PROBLEM TO SOLVE
Write out exactly the lines from the one containing "Benefits of Turmeric Curcumin" to the end of the material, both ends included, and nothing else. Leave pictures out.

DATA BELOW
────────────────────
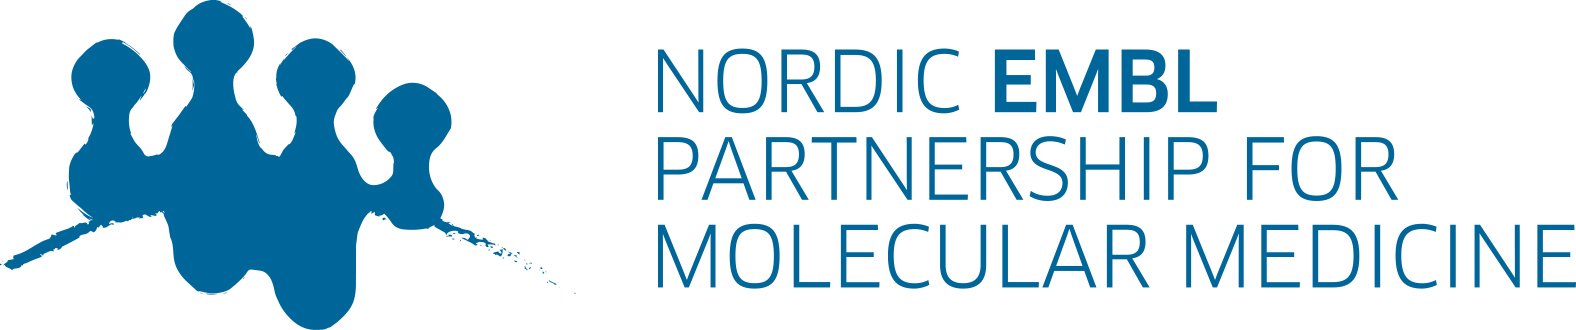 Nordic-EMBL-logo_rgb.jpg
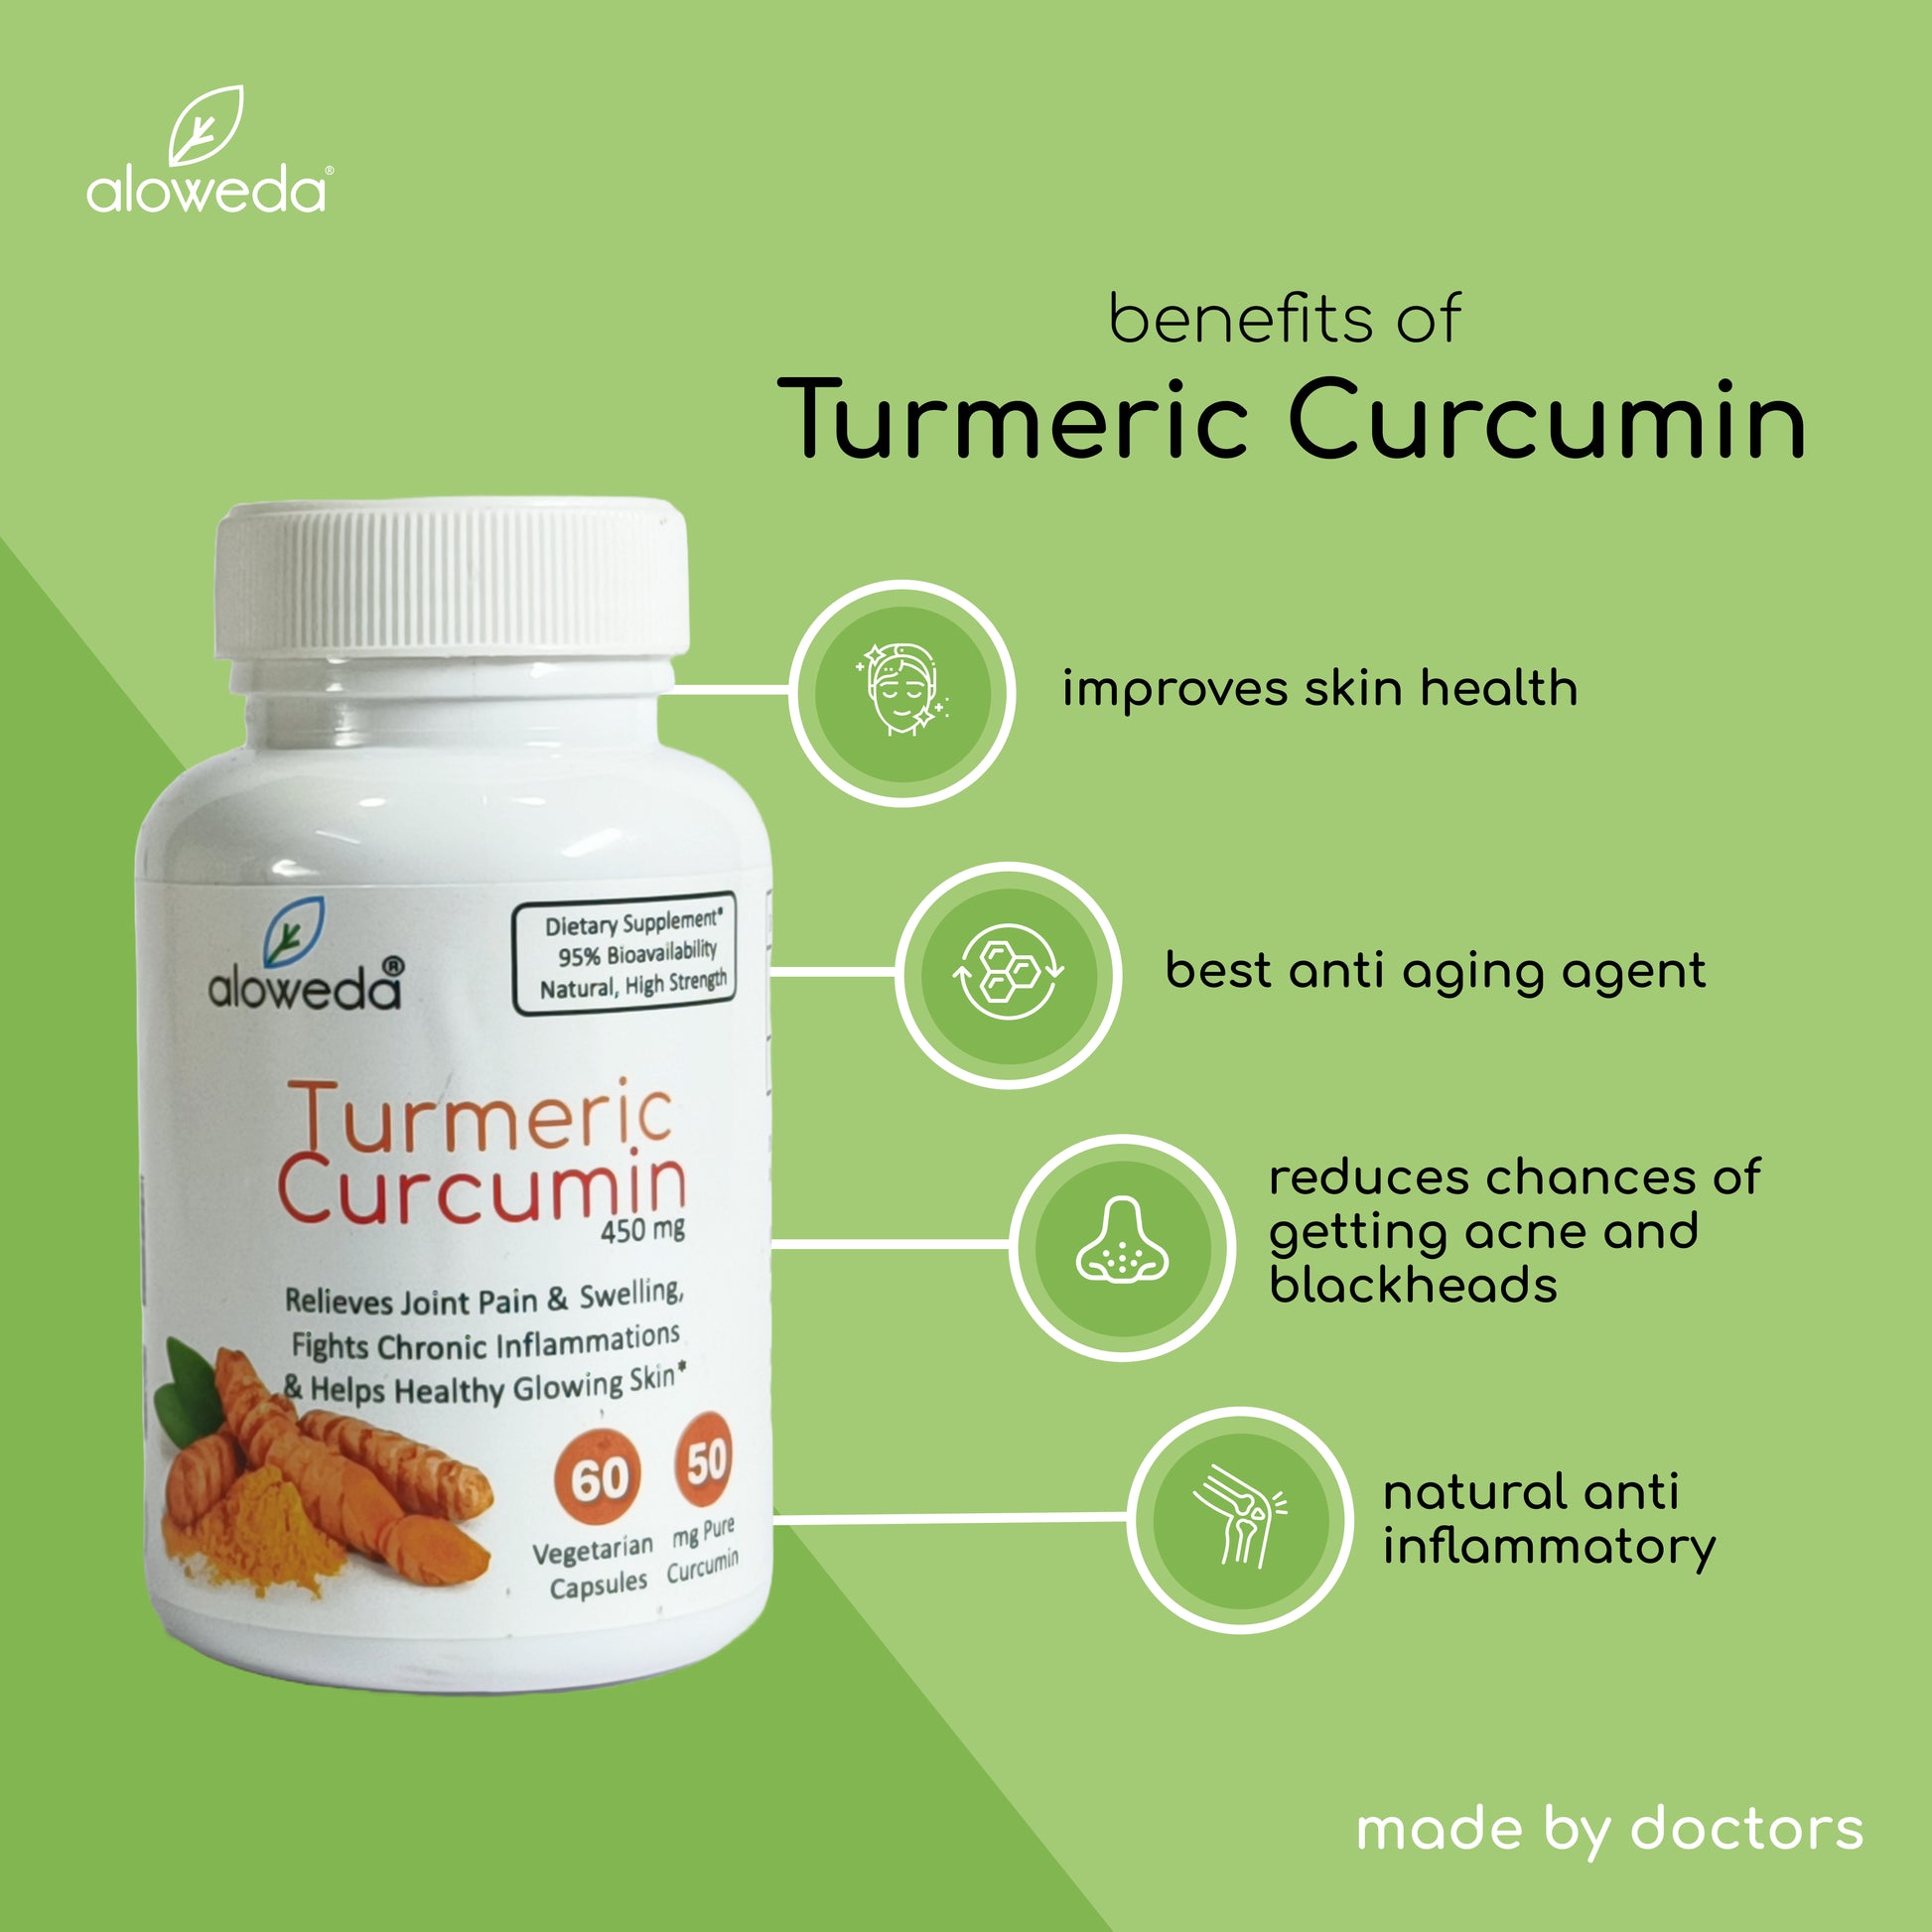 Benefits of Turmeric Curcumin
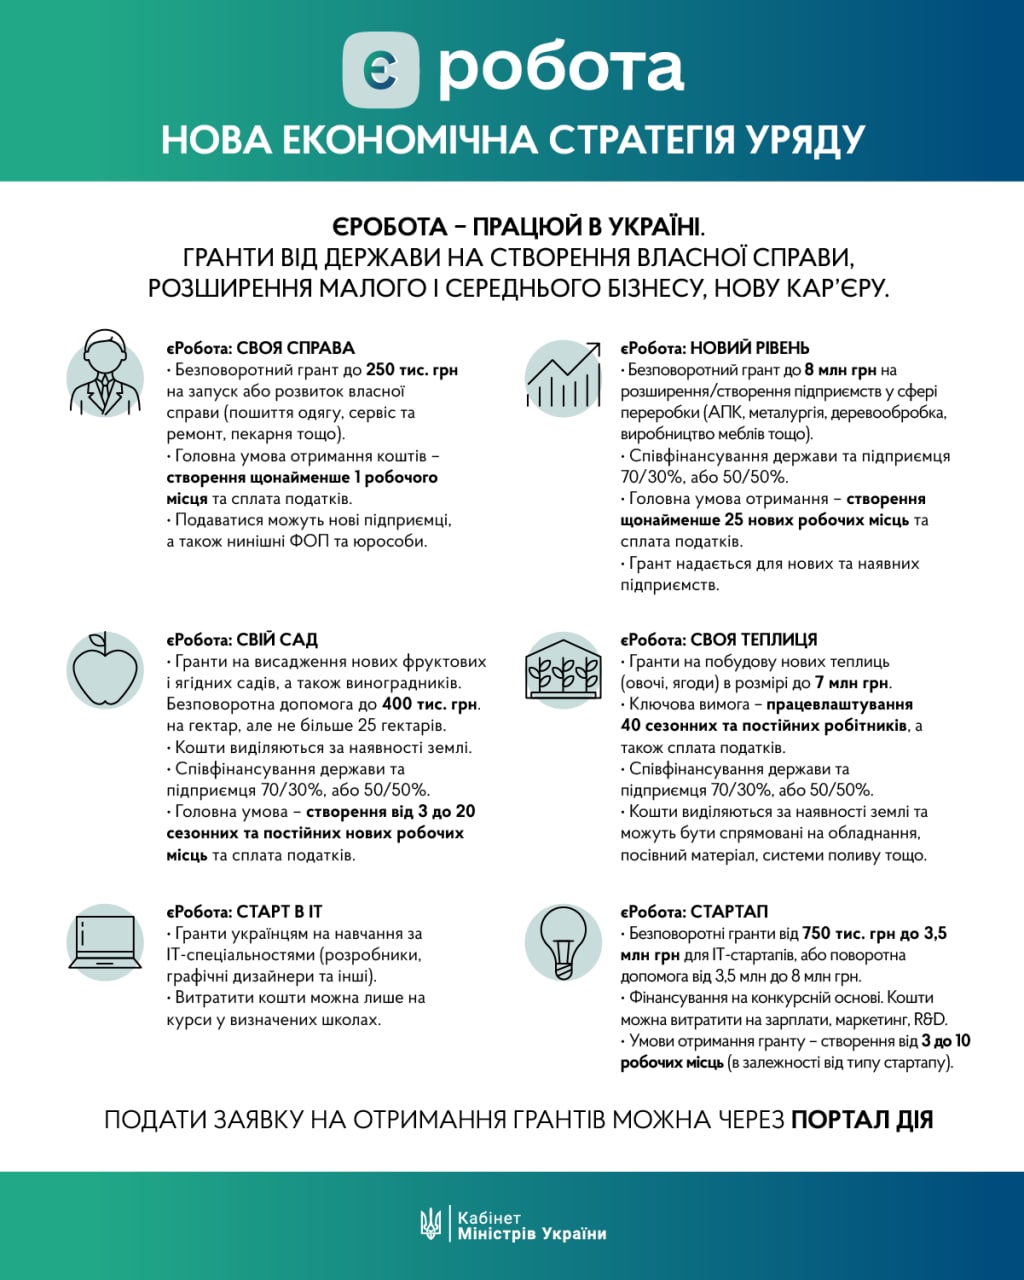 В Україні запустили програму єРобота: на що можна отримати грант
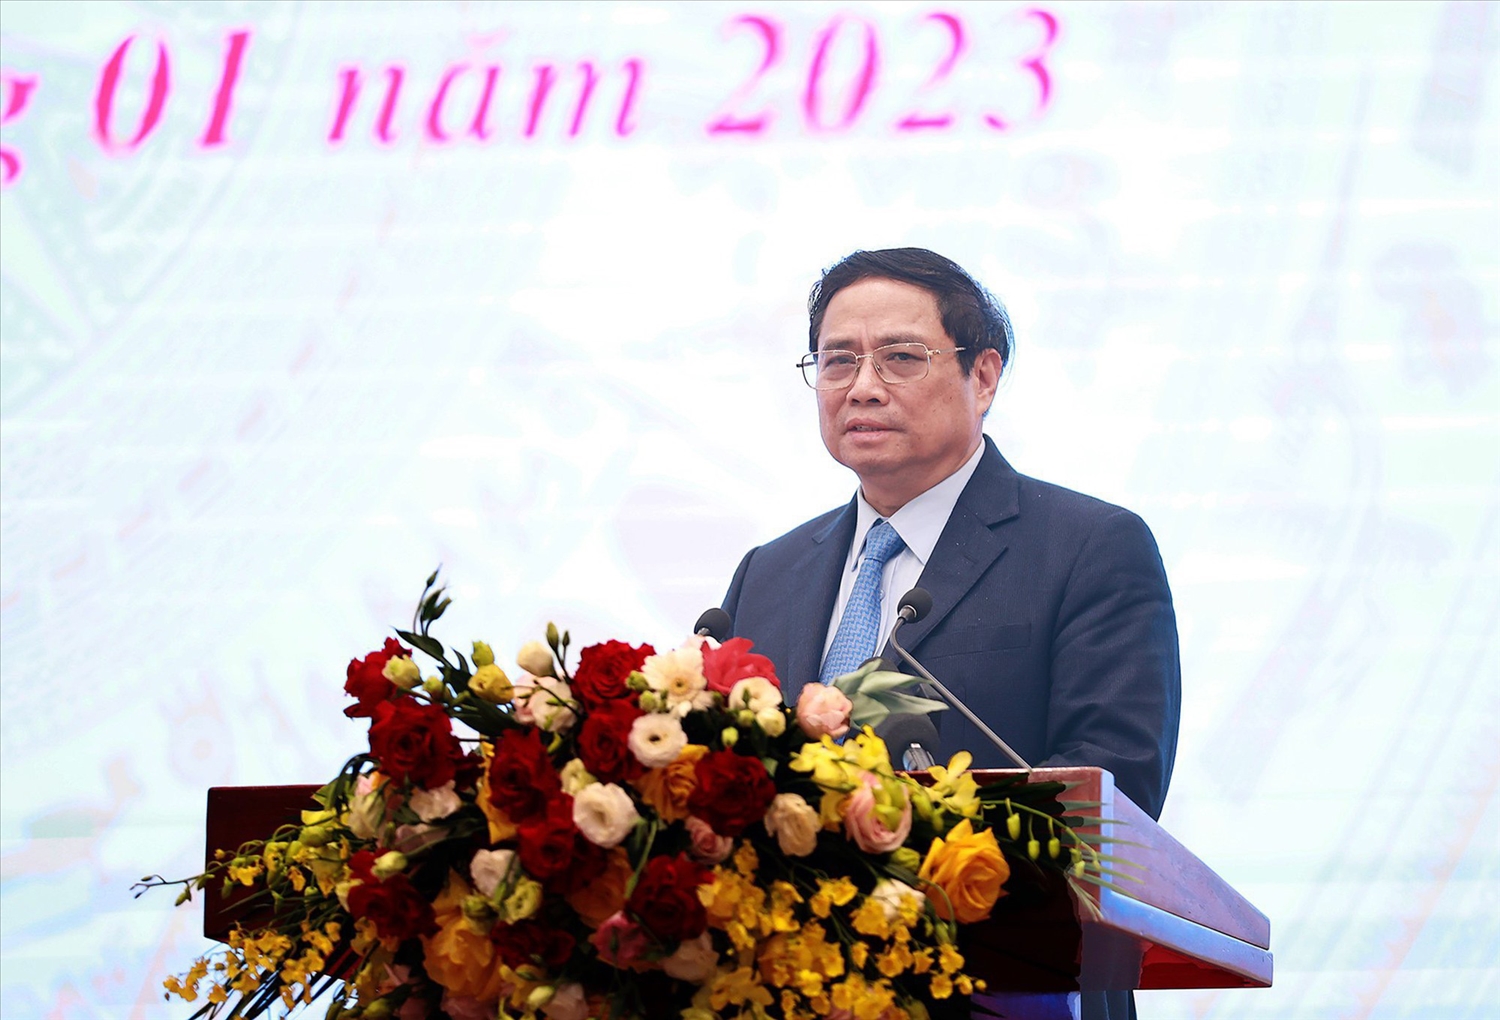 Thủ tướng Chính phủ Phạm Minh Chính dự và phát biểu tại Hội nghị triển khai nhiệm vụ lao động, người có công và xã hội năm 2023 - Ảnh: VGP/Nhật Bắc
────────────────────
WORKED SOLUTION
 Benefits of Turmeric Curcumin
 В Україні запустили програму єРобота: на що можна отримати грант
 Thủ tướng Chính phủ Phạm Minh Chính dự và phát biểu tại Hội nghị triển khai nhiệm vụ lao động, người có công và xã hội năm 2023 - Ảnh: VGP/Nhật Bắc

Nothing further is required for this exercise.